Managing for diversity
What is vegetation heterogeneity? Livestock can engineer rangelands to produce differences in vegetation structure and composition. For example, intensive grazing in one area may result in higher amounts of bare ground, which benefits species such as the mountain plover. Resting a nearby area will allow the forage to grow taller, providing nesting habitat for grassland species such as the pintail, or in sagebrush, the sage grouse. This alternative approach to management increases percentages of the landscape with short and tall vegetation structure. Possible tradeoffs with livestock production merit additional investigation to provide economic valuations for the “costs” of providing vegetation heterogeneity.[iii]

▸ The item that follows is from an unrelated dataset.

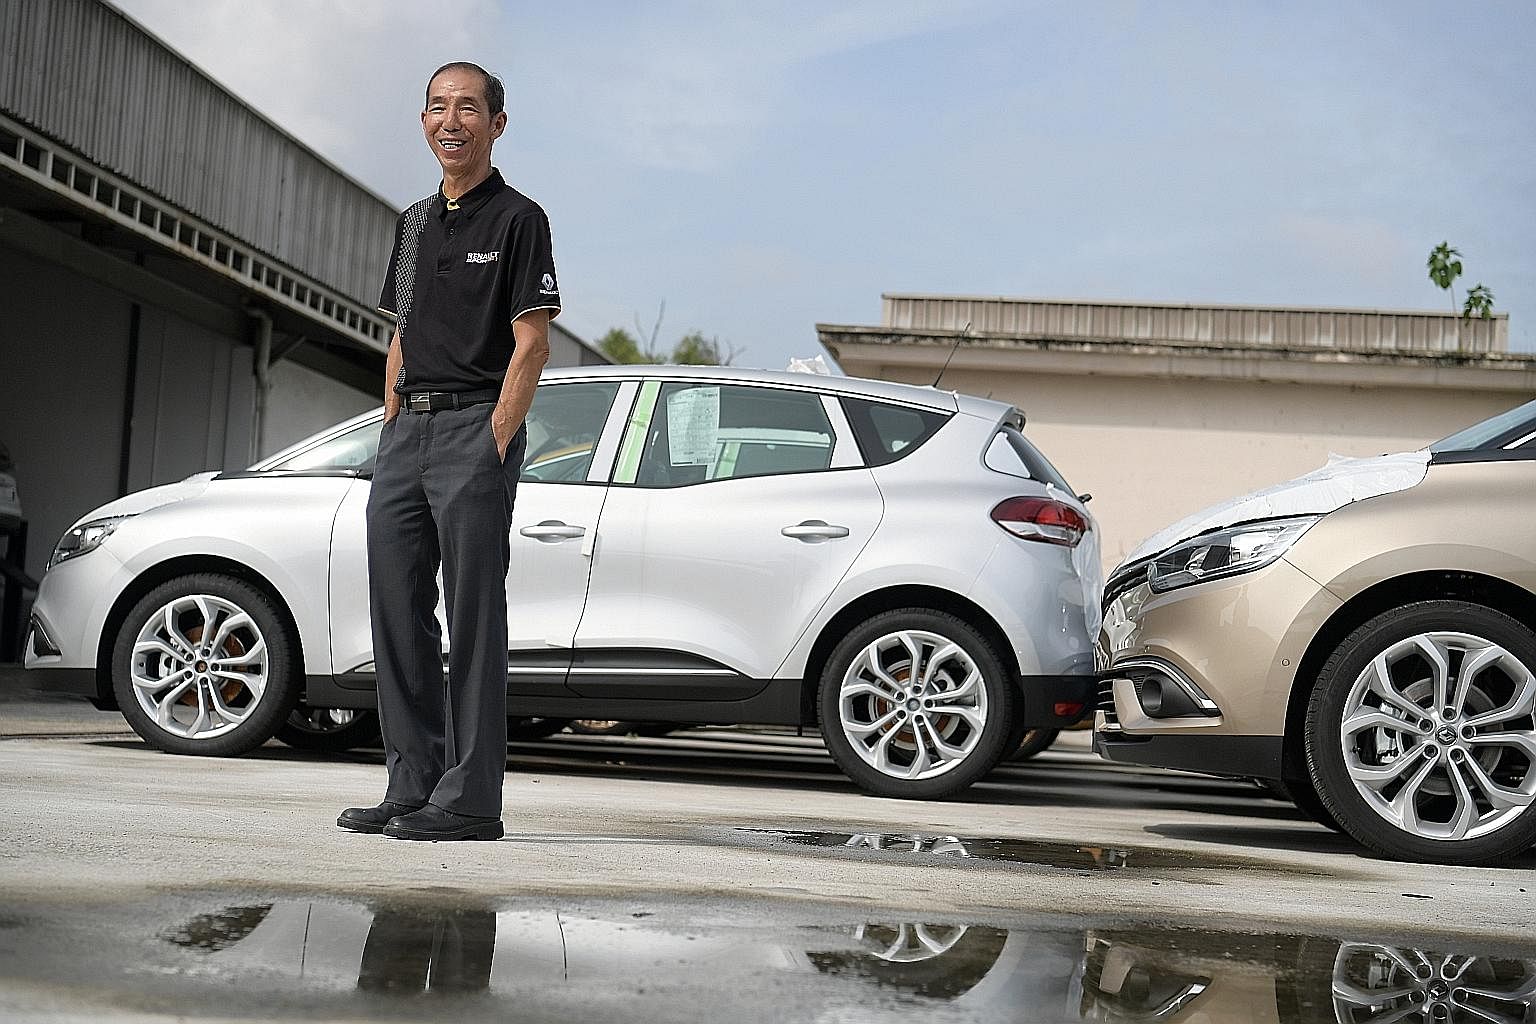 Mr Tan Leng Buck, 68, also known as Uncle Heng, has worked hard as a spray-painter and car washer for nearly 45 years. He is now a driver for Renault - his first stable job that pays him regular CPF.

Livestock can engineer differences in vegetation structure and composition within the framework of most current management practices. For example, ranchers can alter timing and intensity of grazing, length of rest periods, and type of livestock to create different levels in height of vegetation and kind and amount of plants. Ranchers can control when livestock graze certain areas, for how long, and how much vegetation is left ungrazed (to a certain height or residue level) following a grazing period. Through management decisions, ranchers vary the length of rest periods from relatively short (weeks-months) to long (one year or greater). Longer rest periods stockpile forage resulting in greater vegetation heights. Varying the time of grazing across years or stocking rates can shift vegetation composition. Combining different types of livestock, such as cow-calf pairs, yearlings, sheep, goats, or combinations of these, can strategically engineer the vegetation on rangelands due to different diet selections.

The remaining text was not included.